Then start your environment to get a Python prompt.

.. code-block:: python

>>> from histbook import *
>>> import numpy

and create a canvas to draw `Vega-Lite `__ graphics, if necessary.

.. code-block:: python

>>> from vega import VegaLite as canvas # for ipyvega in Jupyter Notebook
>>> import vegascope; canvas = vegascope.LocalCanvas() # for VegaScope in bare Python
# JupyterLab doesn't need anything

Let's start by histogramming a simple array of data.

.. code-block:: python

>>> array = numpy.random.normal(0, 1, 1000000)
>>> histogram = Hist(bin("data", 10, -5, 5))
>>> histogram.fill(data=array)
>>> histogram.step("data").to(canvas) # for JupyterLab, drop ".to(canvas)"

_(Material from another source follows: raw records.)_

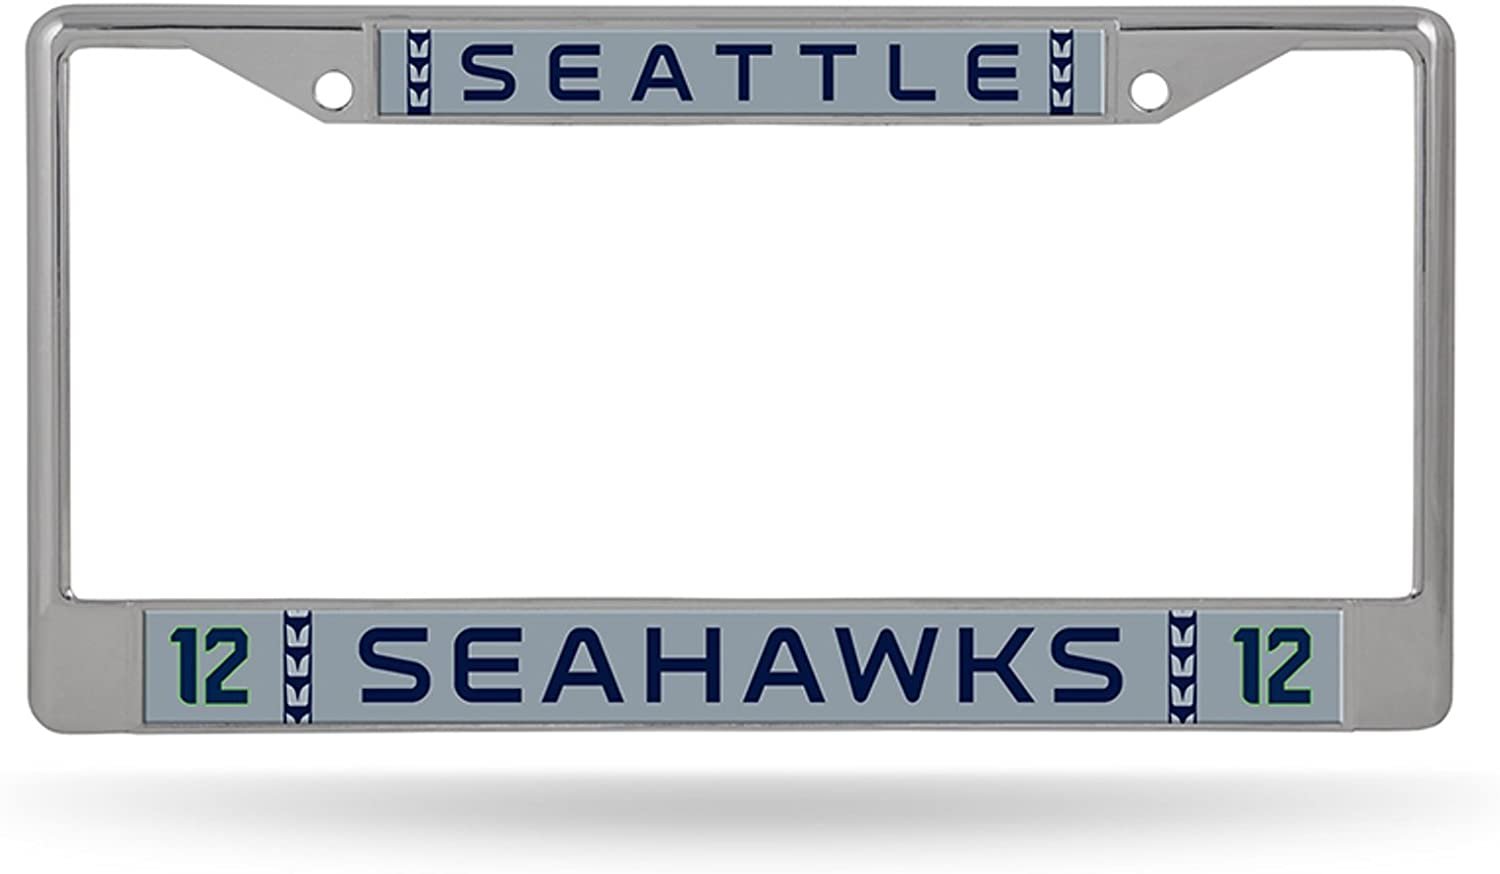 Seattle Seahawks Metal License Plate Frame Chrome Tag Cover, 12th Man Gray Jersey, 6x12 Inch
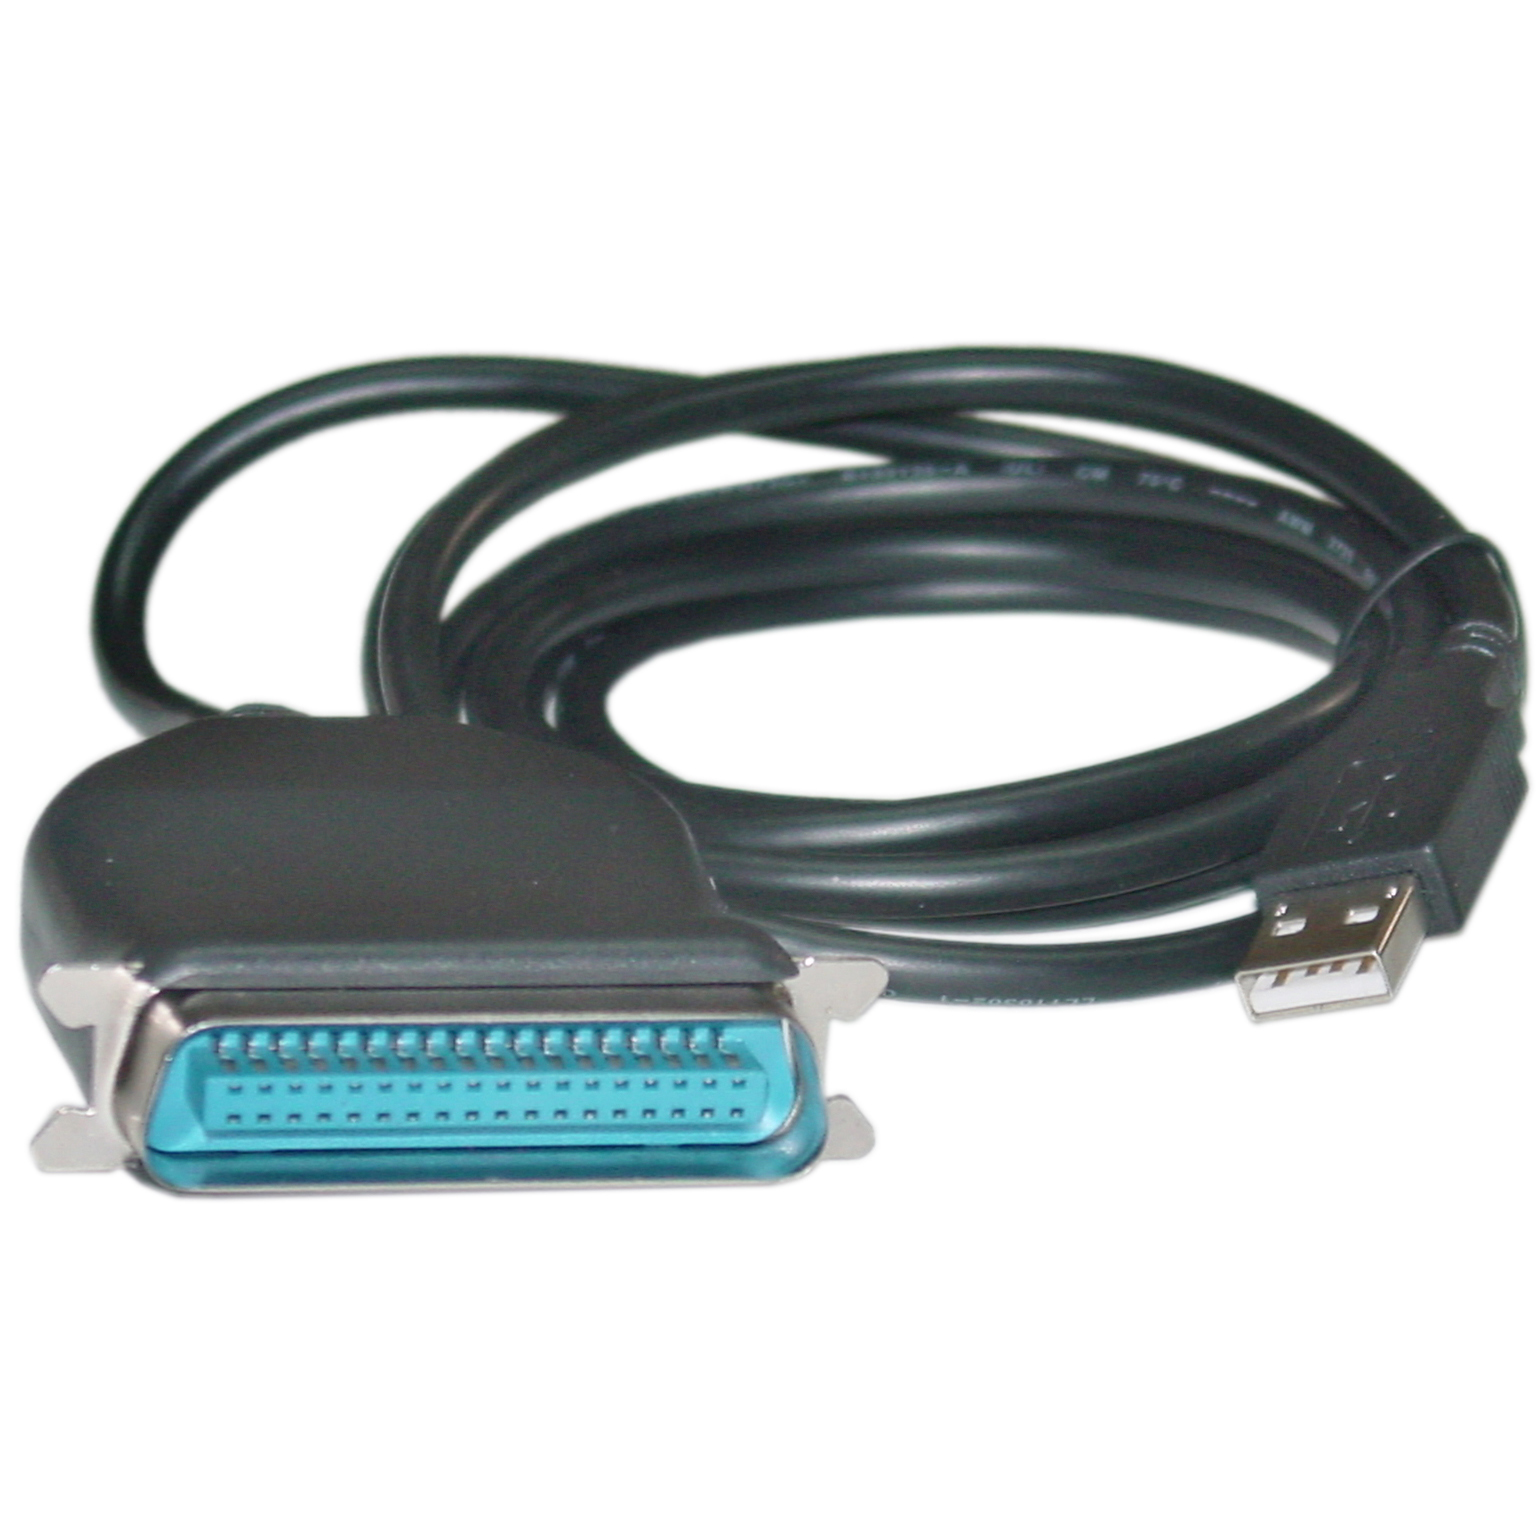 Computer Cables USB to Yoton 1284 Parallel Port Adapter Cable Cable Length: Other 
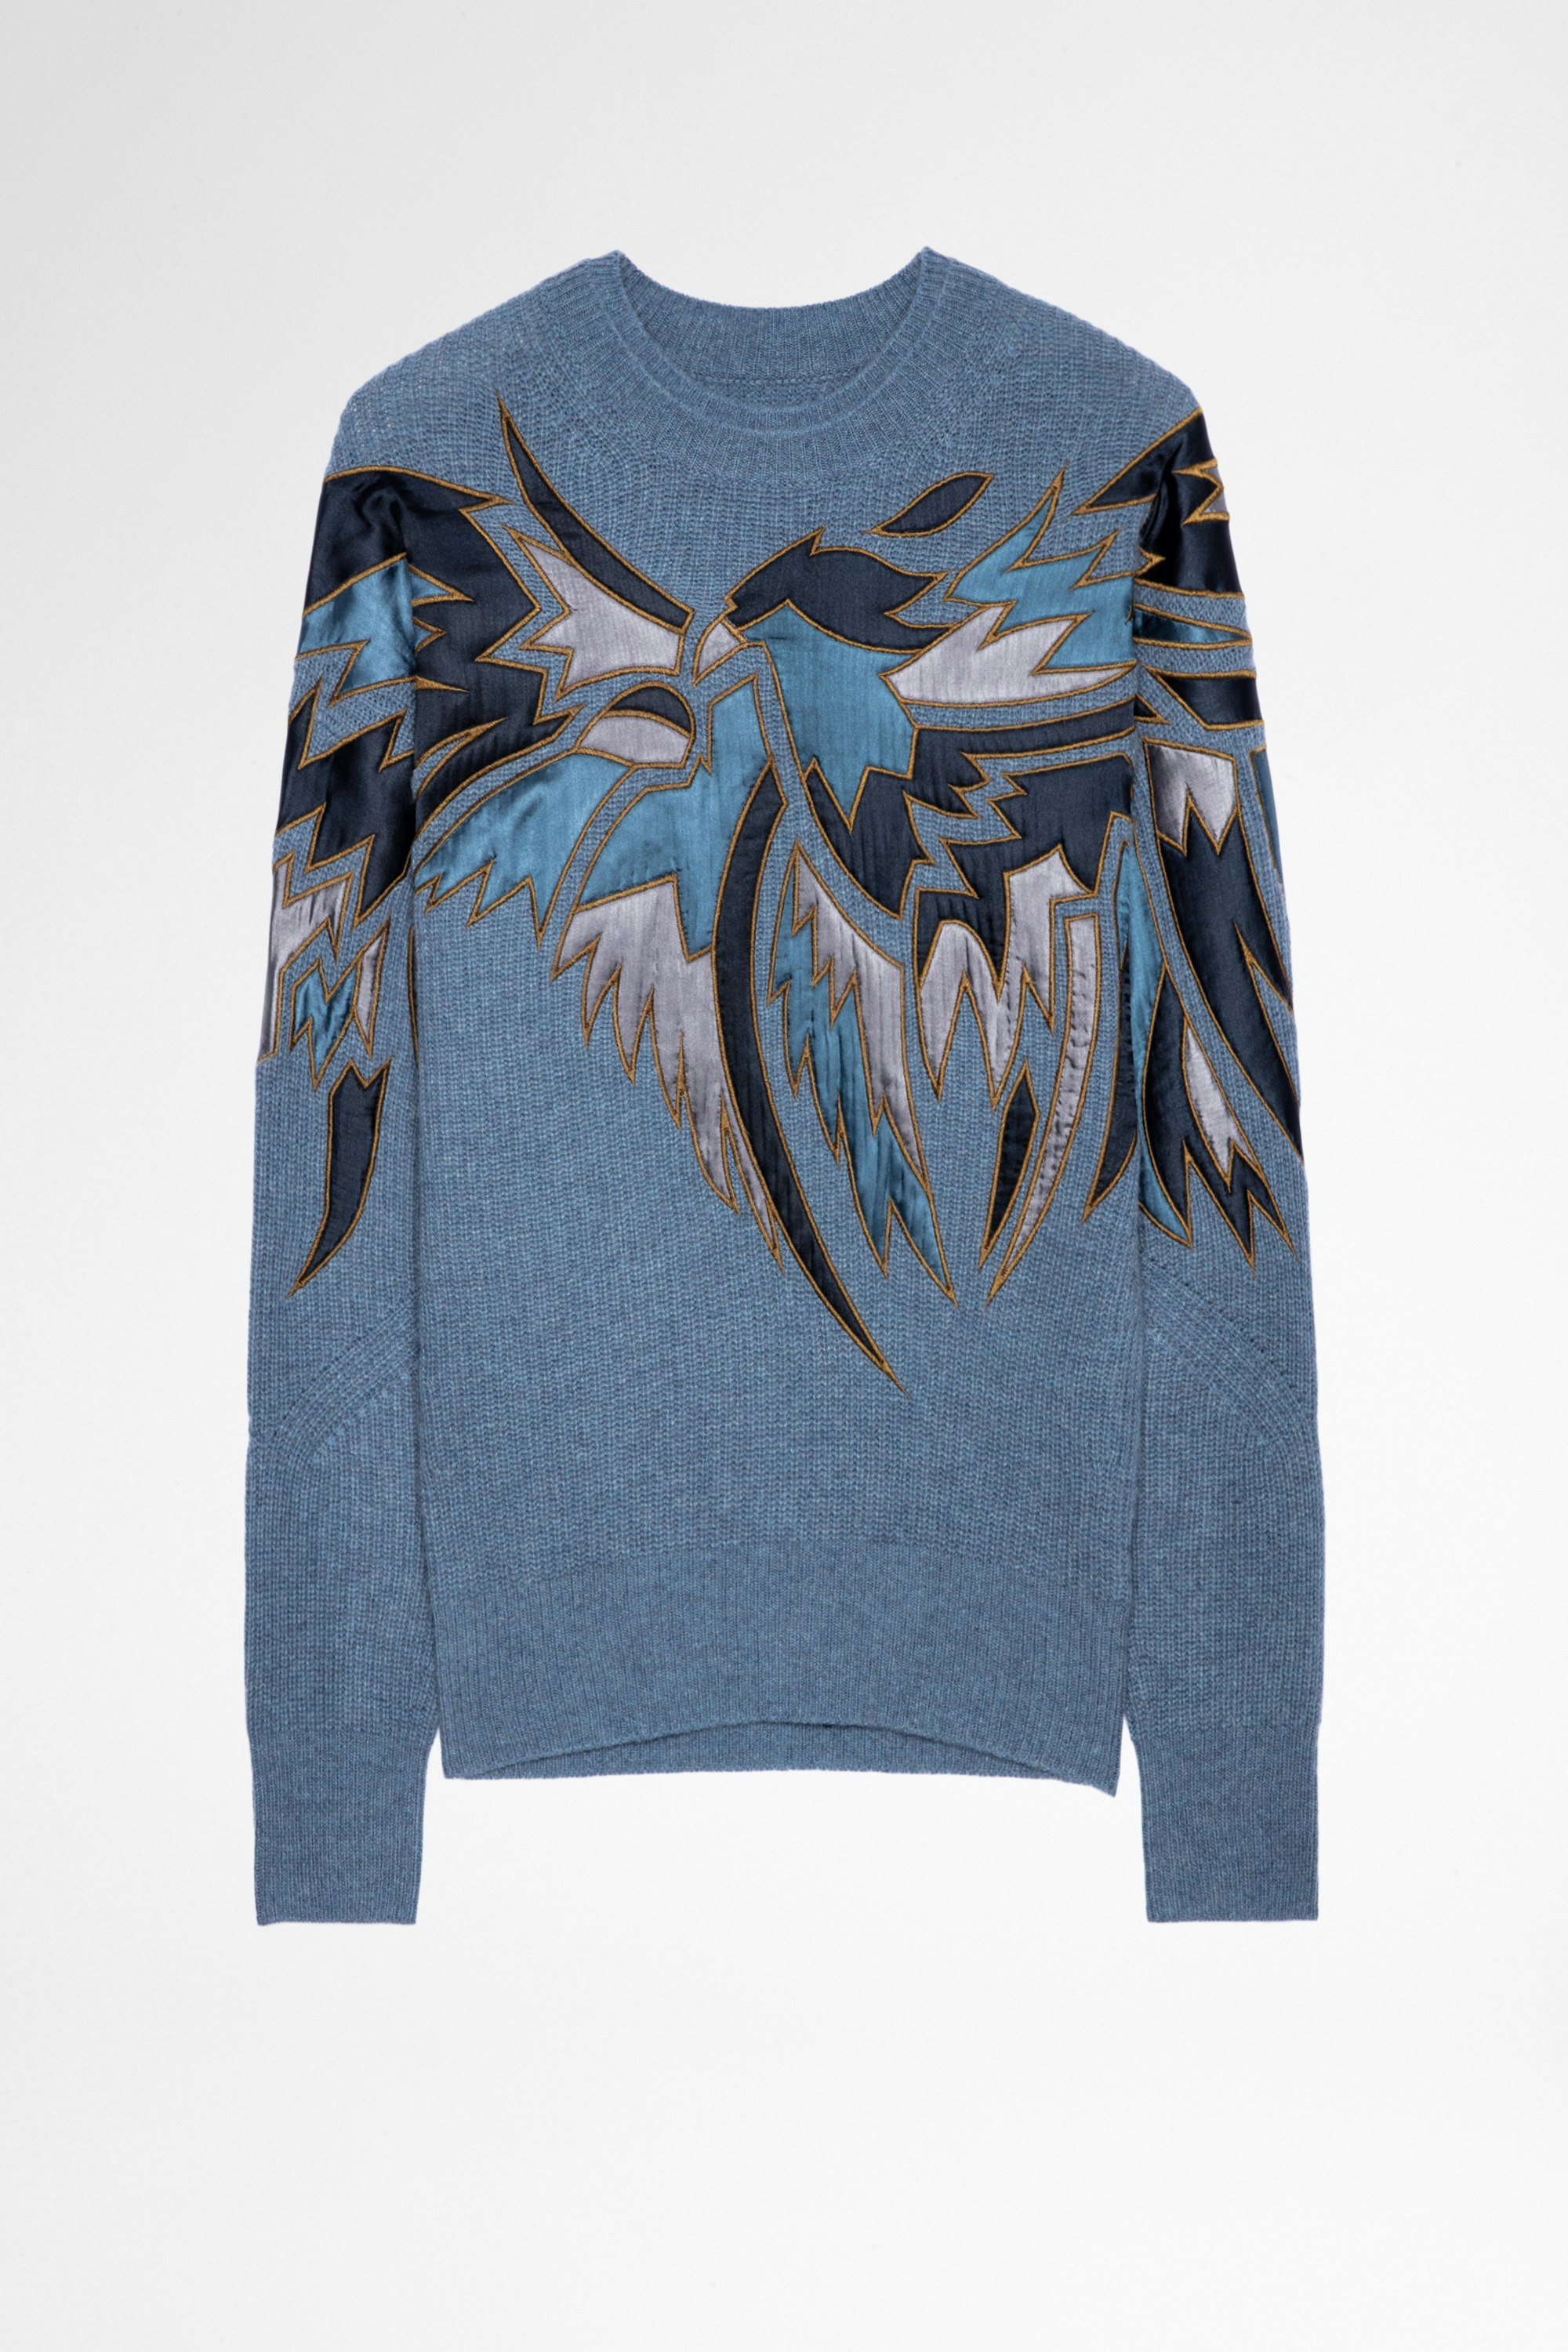 Kanson Jumper Cashmere Women's blue wool and cashmere jumper with eagle print

.. image:: docs/source/intro-1.png

*What just happened here?*

- The first line created a million-element Numpy ``array``.
- The second created a one-dimensional ``histogram``, splitting ``data`` into 10 bins from −5 to 5.
- The third line incremented histogram bins by counting the number of values that lie within each of the 10 subintervals.
- The fourth line projected the hypercube onto steps in the ``data`` axis and passed the Vega-Lite visualization to ``canvas``.

We could also access the data as a table, as a `Pandas DataFrame `__:

.. code-block:: python

>>> histogram.pandas()

.. code-block::

count() err(count())
data
[-inf, -5.0) 0.0 0.000000
[-5.0, -4.0) 33.0 5.744563
[-4.0, -3.0) 1247.0 35.312887
[-3.0, -2.0) 21260.0 145.808093
[-2.0, -1.0) 136067.0 368.872607
[-1.0, 0.0) 341355.0 584.255937
[0.0, 1.0) 341143.0 584.074482
[1.0, 2.0) 136072.0 368.879384
[2.0, 3.0) 21474.0 146.540097
[3.0, 4.0) 1320.0 36.331804
[4.0, 5.0) 29.0 5.385165
[5.0, inf) 0.0 0.000000
{NaN} 0.0 0.000000

including underflow (``[-inf, -5.0)``), overflow (``[5.0, inf)``), and nanflow (``{NaN}``). In the absence of weights, the error in the count is the square root of the count (approximation of `Poisson statistics `__; histbook makes the same statistical assumptions as ROOT).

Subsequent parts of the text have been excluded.